Hi,
When i run the cluster command with the specified cutoff (0.03) , the program changes the cutoff. This is how it reads
mothur > cluster(method=average,cutoff=0.03,showabund=f)
changed cutoff to 0.00981666
Output File Names:
summer.final.an.sabund
summer.final.an.rabund
summer.final.an.list
If I go ahead and run the read.otu it says “Your group file contains 159916 sequences and list file contains 161307 sequences. Please correct.
For a list of names that are in your list file and not in your group file, please refer to summer.final.an.missing.group.”. But my “summer.final.an.missing.group” is empty for me to use the remove.seqs command. I didn’t have these issues in mothur v.1.10.0 and now I am using mothur v.1.11.0 . Can somebody help?
Thanks
You’d get the same result with this dataset and command if you used 1.10. Because of how the average neighbor algorithm works when using the sparse matrix structure that is used with cutoff setting, it is necessary for the algorithm to change the cutoff. I’d suggest starting with a larger initial cutoff when you calculate distances/clusters. As for the read.otu command, I suspect you’ve gotten your files crossed when running screen.seqs or remove.seqs. Did you perhaps remove chimeric sequences from the fasta file but not from your group file?
So what is a good guideline for “starting with a larger initial cutoff?” I’m finding that I have to set an initial cutoff of 0.20 in order for Mothur to say "changed cutoff to 0.106447). Is this ~2X overcalculation comparable to other people’s experience?
Perhaps the cluster() command should spit out a more descriptive warning message when adjusting the cutoff and the wiki for dist.seqs() should be updated to warn people of the downstream consequences in cluster.seqs(method=average) when starting off with too low a cutoff.

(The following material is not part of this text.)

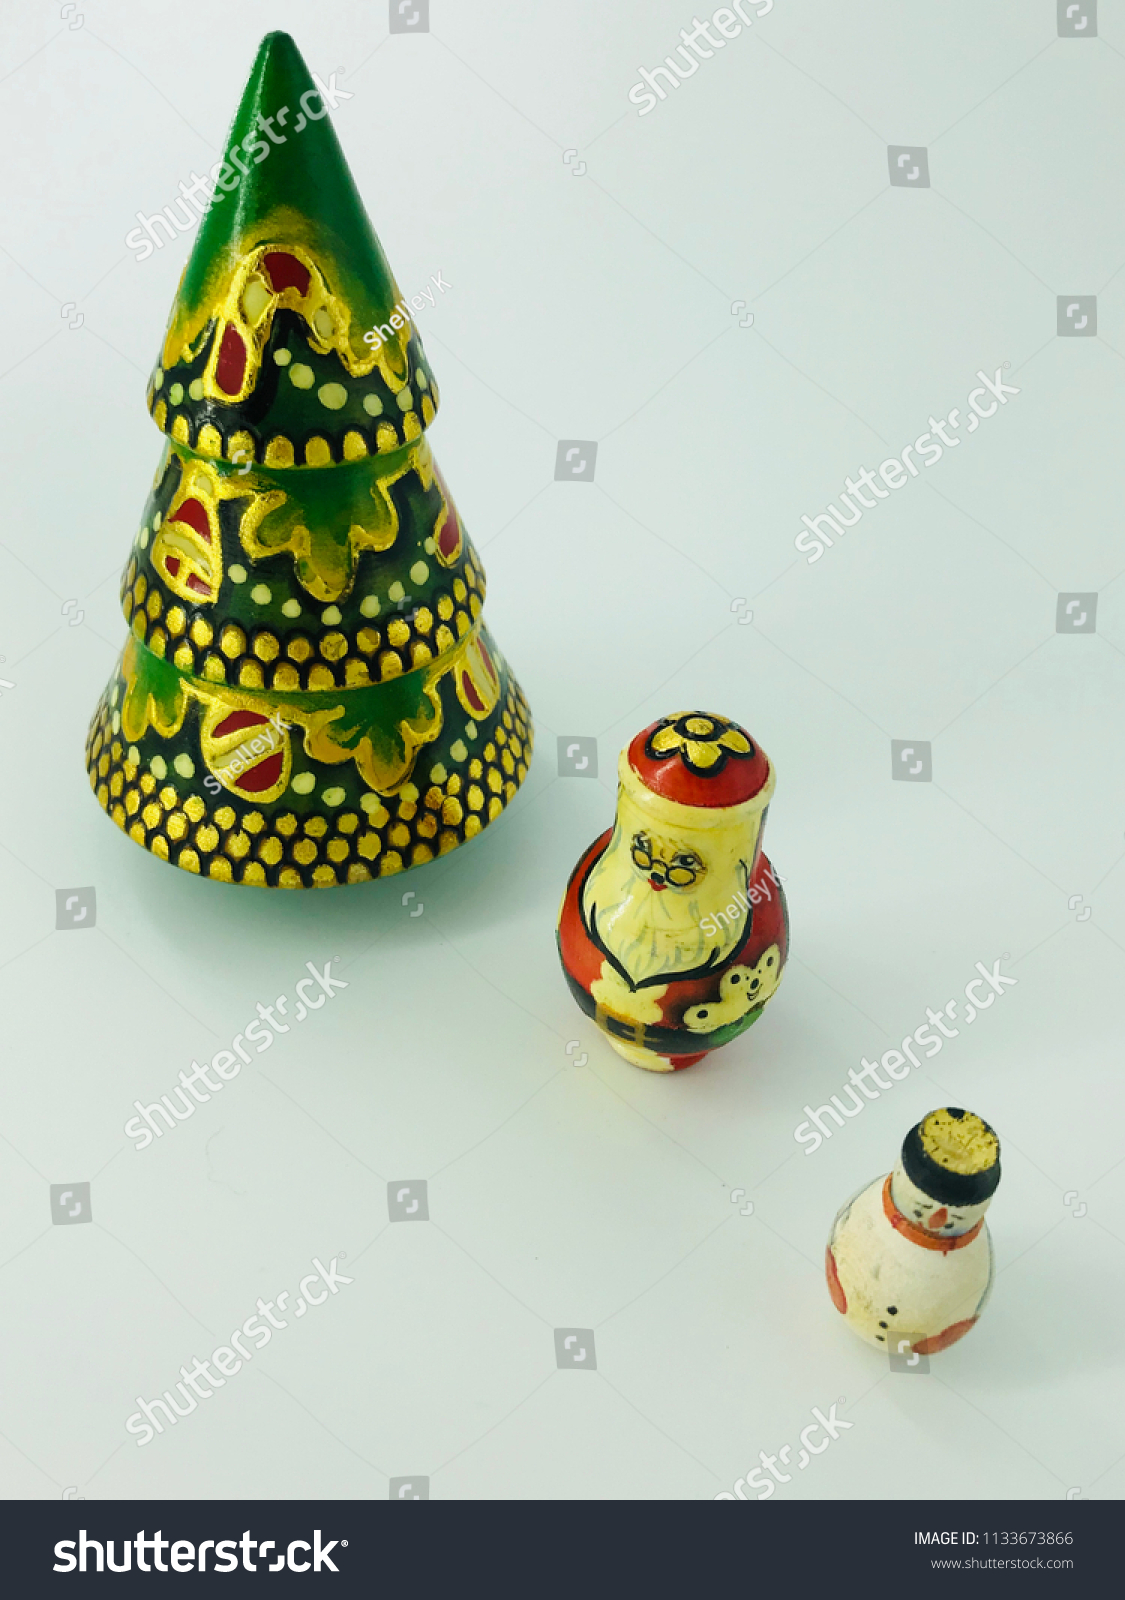 Russian Christmas dolls #1133673866

Note that a 2-fold increase in distance cutoff translates to roughly a tenfold increase in the resulting file size. This may have consequences on the feasibility of using average neighbor with very large data sets.
Robin
Robin - yeah, I think 2x is a good place to start. Unfortunately, it may be a bit of trial and error. Admittedly, looking at average neighbor is new and we’re still trying to put it through it’s paces. We would love to get other people’s experiences.
Hi everyone
I’m having a similar problem and no matter what i change is always the same
this are the commands I try so far:
mothur > cluster(method=nearest)
mothur > cluster(method=nearest,cutoff=0.10)
mothur > cluster(method=nearest,cutoff=0.20)
mothur > cluster()
and when I try to sue the read.otu command I get the following message:
mothur > read.otu(list=all_metagenomes_V3.unique.filter.fn.list,group=v3.groups,label=unique-0.03-0.05-0.10)
Your group file contains 326 sequences and list file contains 327 sequences. Please correct.
For a list of names that are in your list file and not in your group file, please refer to all_metagenomes_V3.unique.filter.fn.missing.group.
deepsea_AUUB56197y1 is in your list file more than once. Sequence names must be unique. please correct.
Is always the same message, I’m pretty new with all this command-based program and bioinformatics.
Any help will be really useful, specially now that I’m totally stuck here.